We sell to industries with large, consumer-facing businesses such as: banking, financial services, insurance, fintech, gaming, ecommerce/retail, telco / media, utilities, etc.
About the Role:
As the AI Team Lead, you will guide a team of highly skilled machine learning engineers in developing and deploying advanced AI/ML solutions that power our identity and security products. Youll combine technical depth with leadership skills to drive innovation, ensure delivery of high-impact projects, and scale our data-driven capabilities across the organization.
This role requires both strategic thinking and hands-on expertise. Youll be responsible for shaping the data science roadmap, mentoring a growing team, and collaborating with product, engineering, and business stakeholders to translate business challenges into practical machine learning solutions.
What youll do:
Leadership & Team Management:
Lead, mentor, and grow a team of machine learning engineers and data scientists.
Foster a culture of technical excellence, collaboration, and continuous learning.

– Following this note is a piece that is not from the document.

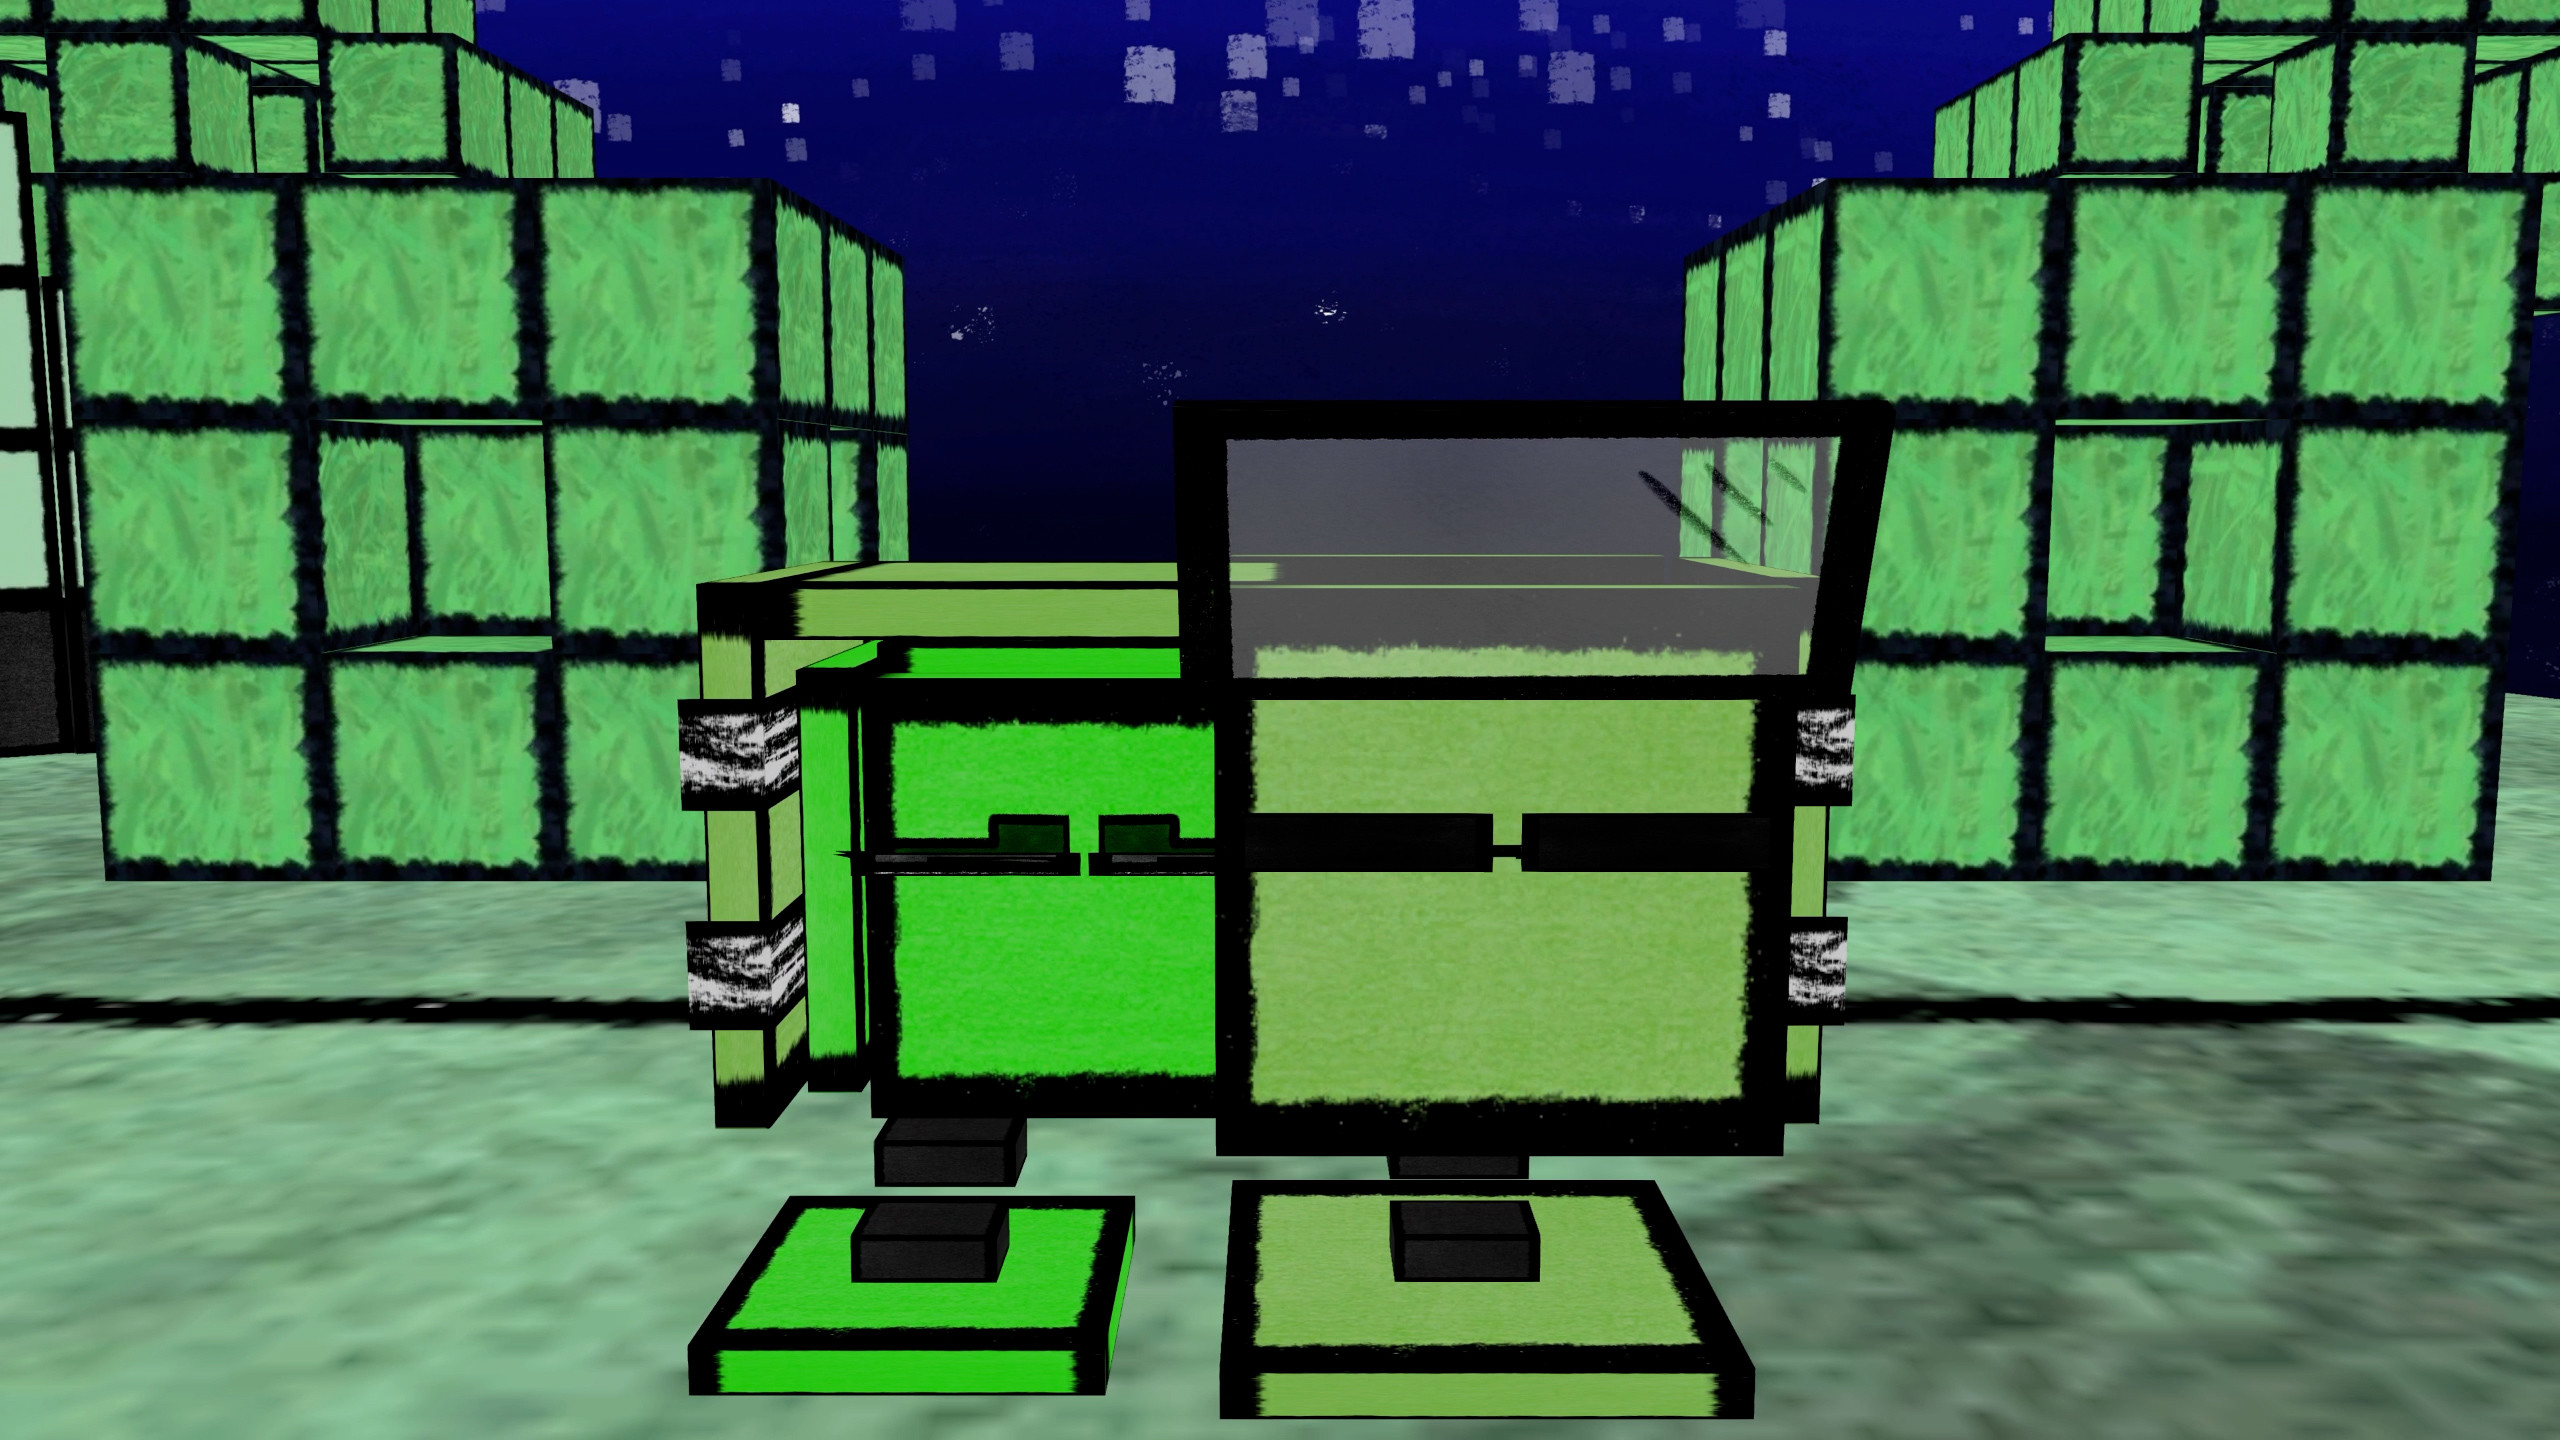 The Indestructible Moxy Boxy screenshot

Define team goals, measure progress, and ensure high-quality deliverables.
Strategy & Roadmap:
Own the data science strategy and align it with company objectives.
Identify opportunities for applying machine learning and generative AI across products and internal systems.
Evaluate emerging technologies, tools, and methodologies to keep the team ahead of the curve.
Hands-On Technical Work;
Design, prototype, and implement ML models, including LLM-powered copilots, retrieval systems, and fraud detection pipelines.
Guide the deployment of models into production environments with scalability and reliability in mind.
Ensure best practices for experimentation, evaluation, and monitoring.
Cross-Functional Collaboration:
Work closely with engineering to integrate ML components into production systems.
Partner with product managers to align solutions with customer needs and business priorities.
Collaborate with security and compliance teams to ensure ethical and secure use of data.
Requirements:
Proven experience leading backend or ML-platform engineering teams (2+ years in a leadership role), including mentoring engineers and driving architectural decisions.
Excellent coding skills in Python/TypeScript, with hands-on experience building reliable backend services and tooling. Familiarity with modern ML frameworks (e.g., PyTorch, TensorFlow, Hugging Face) is a strong advantage.
Experience designing, deploying, and maintaining production systems that integrate ML components, including APIs, microservices, model serving layers, feature pipelines, monitoring, and CI/CD/MLOps workflows.
Solid understanding of distributed systems concepts, performance optimization, observability, and operating services at scale.
Strong communication skills, with the ability to bridge technical, product, and business perspectives.
Prior experience in cybersecurity, fraud prevention, or identity management is a plus, especially with secure system architectures or ML-augmented decisioning systems.
This position is open to all candidates.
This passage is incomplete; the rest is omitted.